There are two issues with connecting to Spark on Dataproc from outside a cluster: Configuration and Network access. It is generally somewhat difficult and not fully supported, So I would recommend using sparklyr inside the cluster.
Configuration
Google Cloud Dataproc runs Spark on Hadoop YARN. You actually need to use yarn-cluster:
sc <- spark_connect(master = 'yarn-client')
However you also need a yarn-site.xml
in your $SPARK_HOME
directory to point Spark to the right hostname.
Network Access
While you can open ports to your IP address using firewall rules on your Google Compute Engine network, it's not considered a good security practice. You would also need to configure YARN to use the instance's external IP address or have a way to resolve hostnames on your machine.

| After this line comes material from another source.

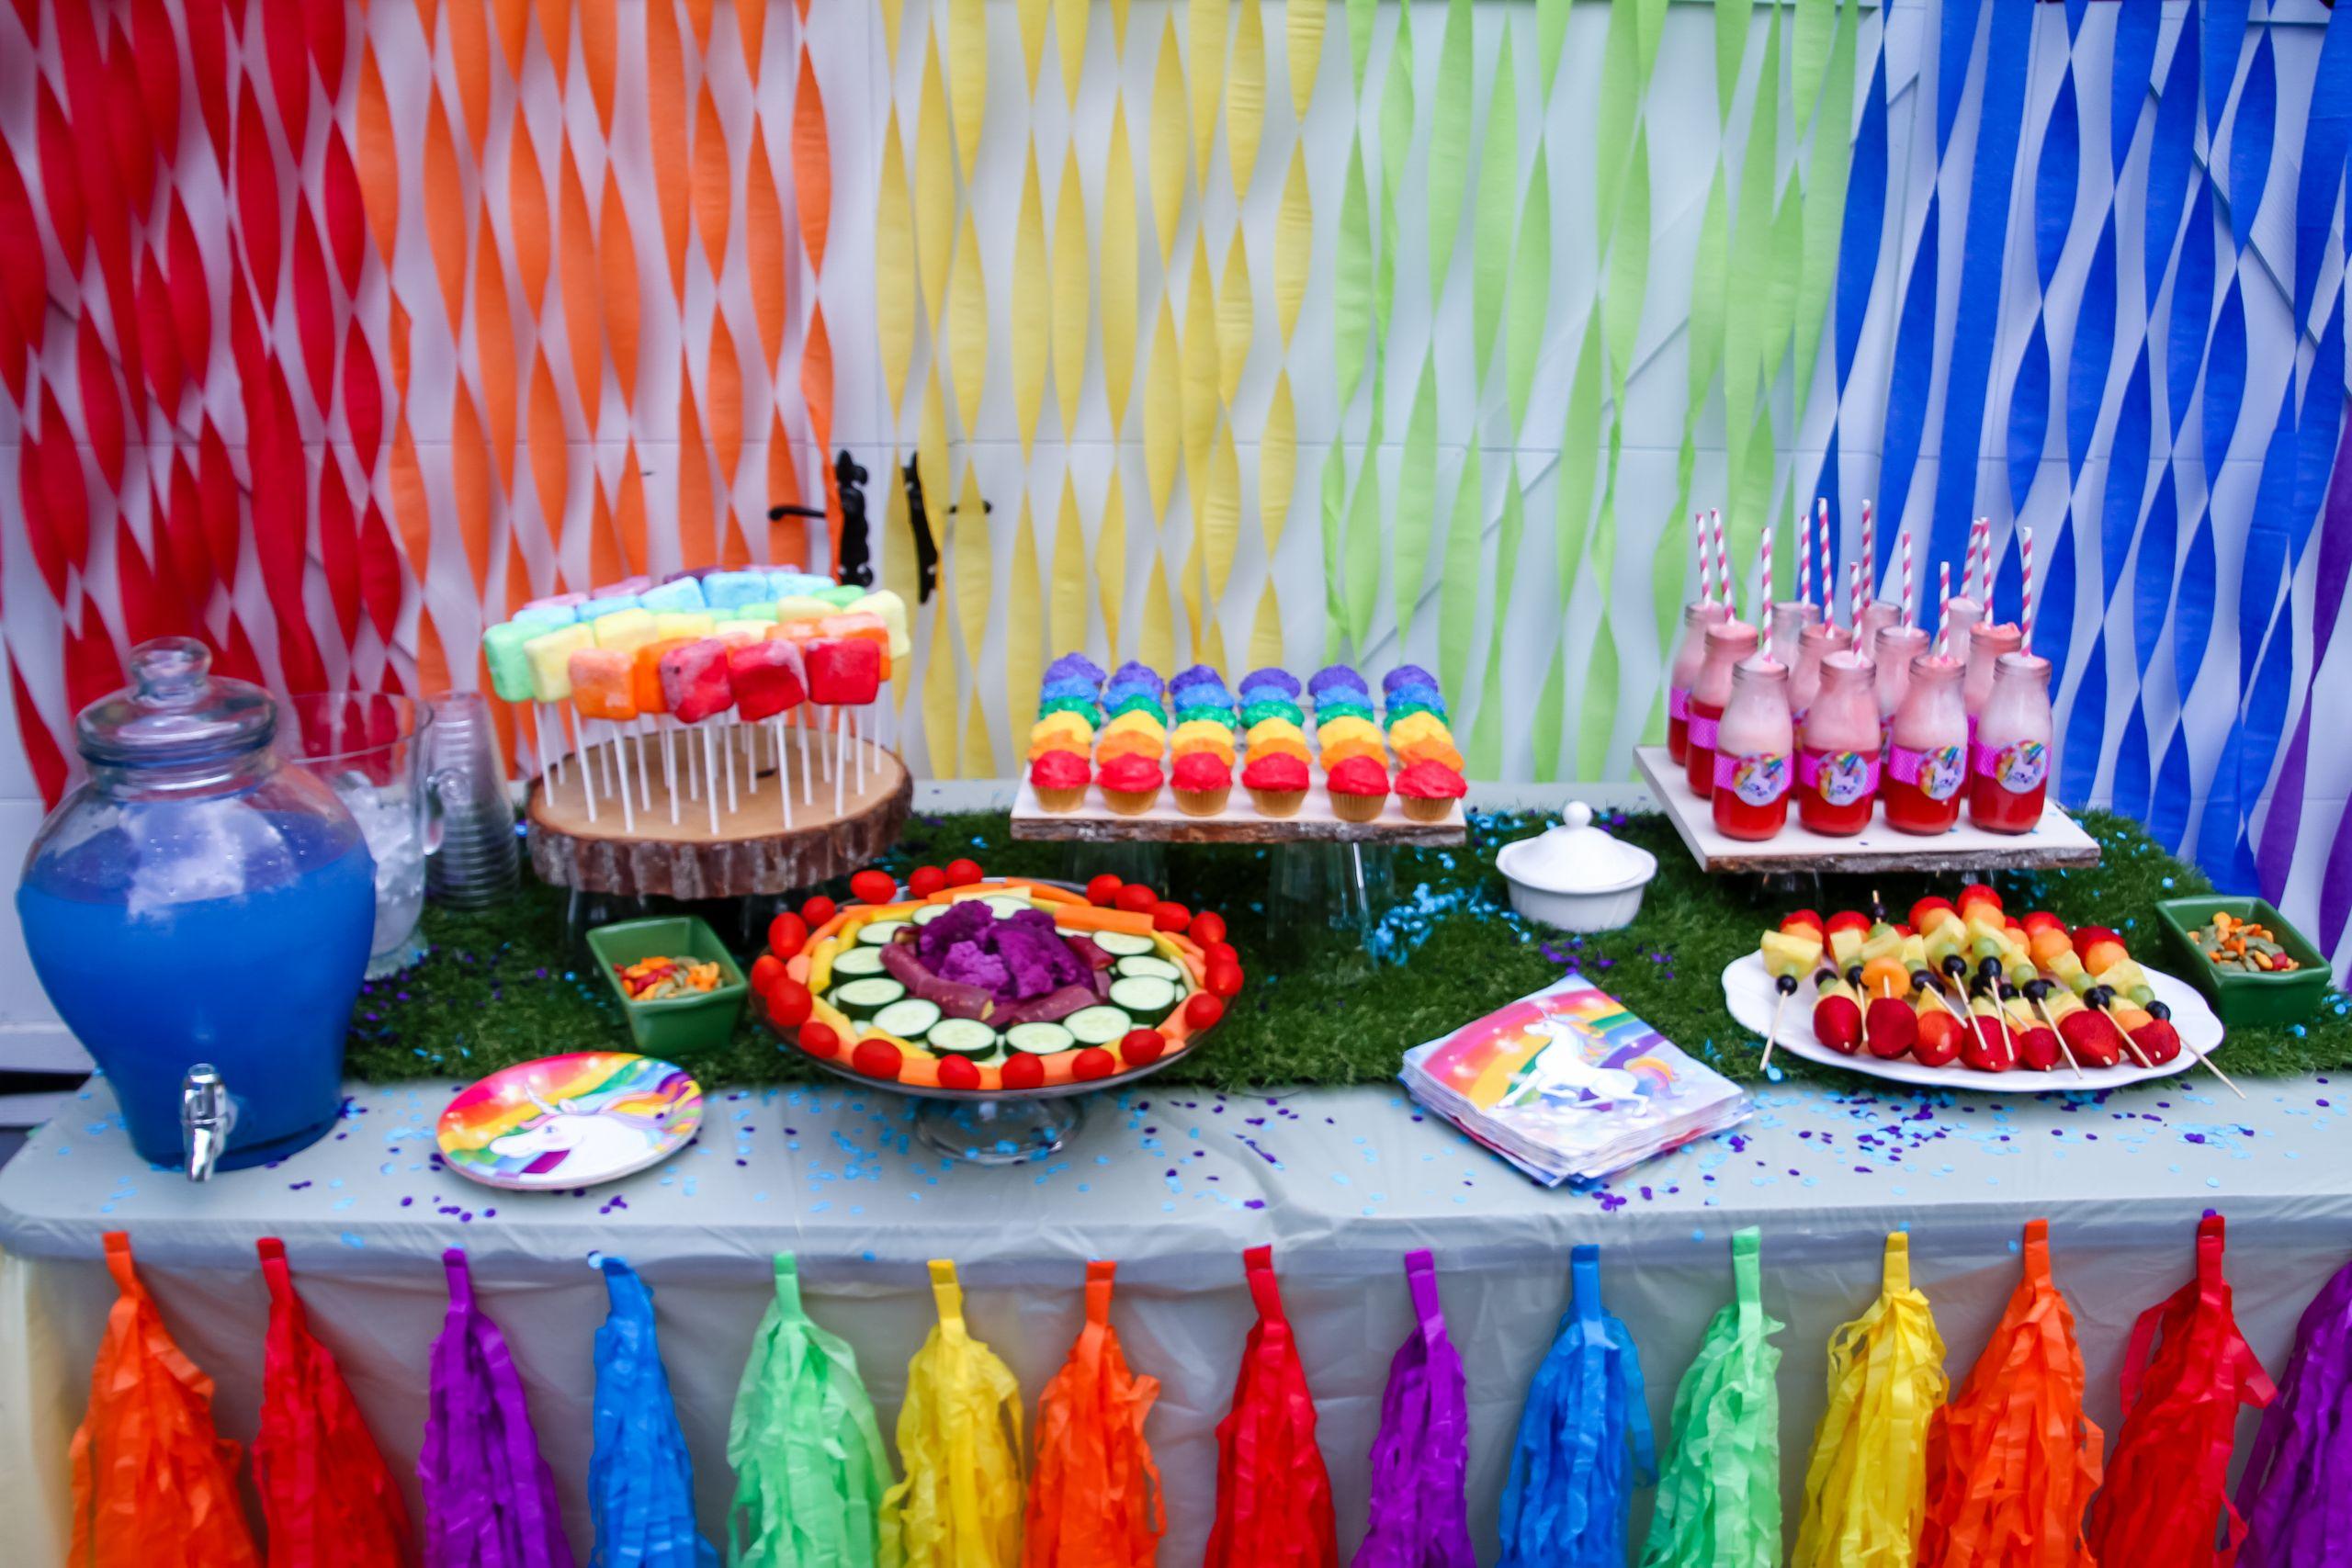 Unicorn And Rainbow Party Ideas  Throw the ultimate unicorn rainbow unicorn party for a

Using sparklyr on Dataproc
sparklyr can be installed and run with R REPL by SSHing into the master node and running:
$ # Needed for the curl library
$ sudo apt-get install -y libcurl4-openssl-dev
$ R
> install.packages('sparklyr')
> library(sparklyr)
> sc <- spark_connect(master = 'yarn-client')
I believe RStudio Server supports SOCKS proxies, which can be set up as described here, but I am not very familiar with RStudio.
I use Apache Zeppelin on Dataproc for R notebooks, but it autoloads SparkR, which I don't think plays well with sparklyr at this time.